Tim Conway, co-star of the famed Carol Burnett Show and early TV comedy classic, McHale’s Navy has died due to an excess of fluid on his brain. He was 85.
A native of Willoughby, Ohio, Tim Conway was born Thomas Daniel Conway in 1933. He attended Bowling Green State University in Bowling Green, Ohio, where he majored in television and radio and was a disc jockey.
When he graduated, Conway enlisted in the United States Army, where he served between 1956–1958
After his discharge from the Army, Conway returned to Cleveland and worked with Ernie Anderson on KYW-TV, an NBC affiliate, in 1958 and 1959. From 1960 to 1962, he was on WJW-TV, where he also wrote material for the comedic skits shown in between film intermissions.

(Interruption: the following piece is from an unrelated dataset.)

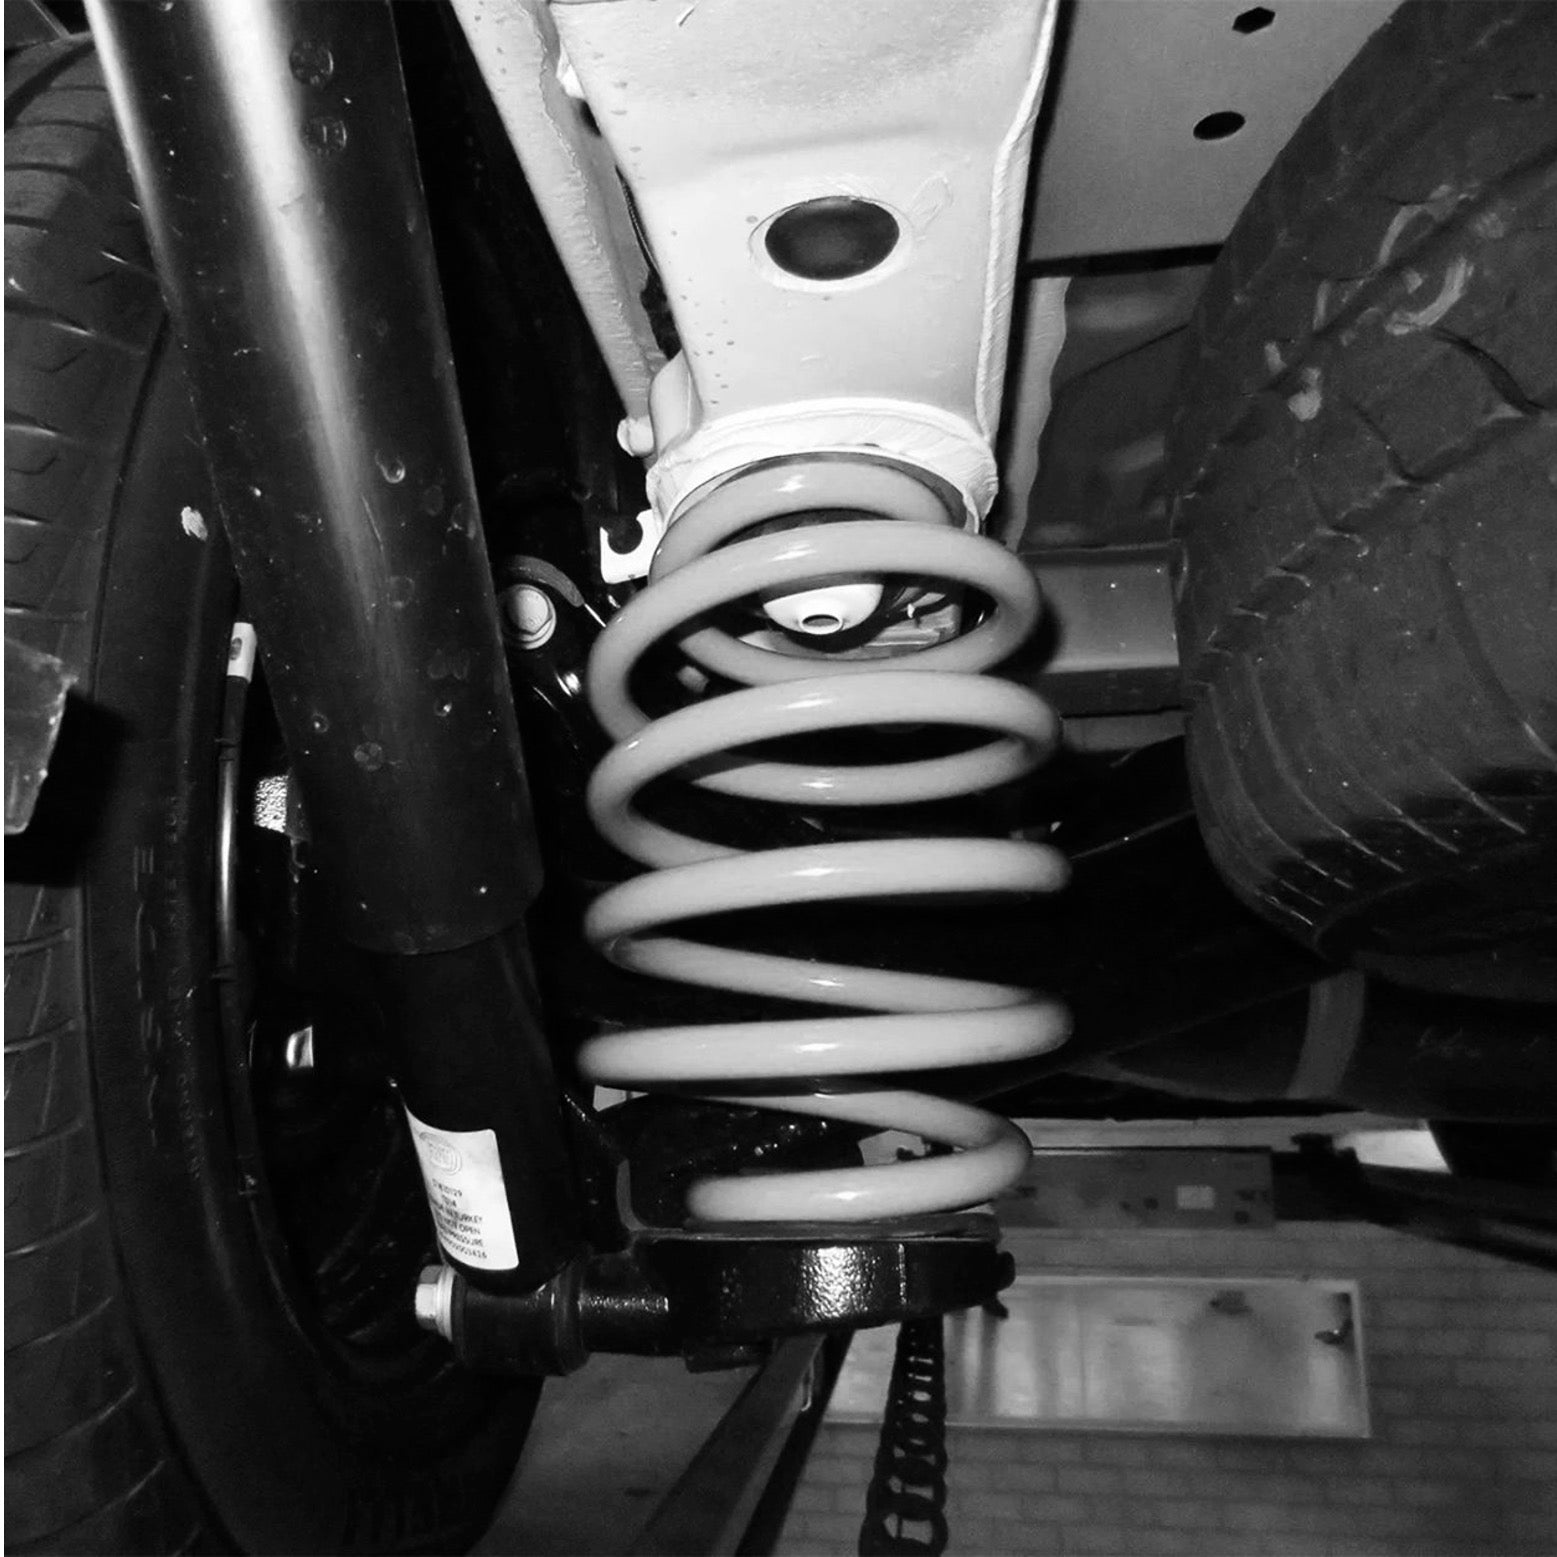 Rear axle (2001-): reinforced coil spring / RCSRETR01

When Dick Van Dyke Show co-star Rose Marie visited WJW in 1961, she viewed tapes of some of Anderson and Conway’s skits and proceeded to take him under her wing.
Following his departure from WJW, Conway moved to New York City; where, with Rose Marie’s assistance, he auditioned for, and gained a spot on, ABC’s The Steve Allen Show as a regular player. It was here he changed his name to “Tim.”
Conway’s breakout role was as the bumbling, naive Ensign Charles Parker on the 1960s sitcom McHale’s Navy, alongside Ernest Borgnine and Joe Flynn. Borgnine would become Conway’s mentor and good friend. It was a friendship that went through the decades as Conway appeared at Borgnine’s 90th birthday party. Here is Conway on his McHale’s Navy years:
According to AP, Conway credited his Midwestern roots for putting him on the right path to laughs, with his deadpan expression and innocent, simple-minded demeanor.
“I think the Midwest is the heart of comedy in this country, and a little bit of the South, too,” he told the Wisconsin State Journal in 2005. “For some reason, we’re just more laid-back, more understanding. … And Midwesterners have a kinder sense of humor.”
It was probably those qualities that would gain Conway national fame on The Carol Burnett Show. He joined the ensemble of Burnett, Harvey Korman, Vicki Lawrence and Lyle Waggoner in 1975 after years as a frequent guest. The show aired on CBS from 1967 to 1978 and had a short summer stint on ABC in 1979.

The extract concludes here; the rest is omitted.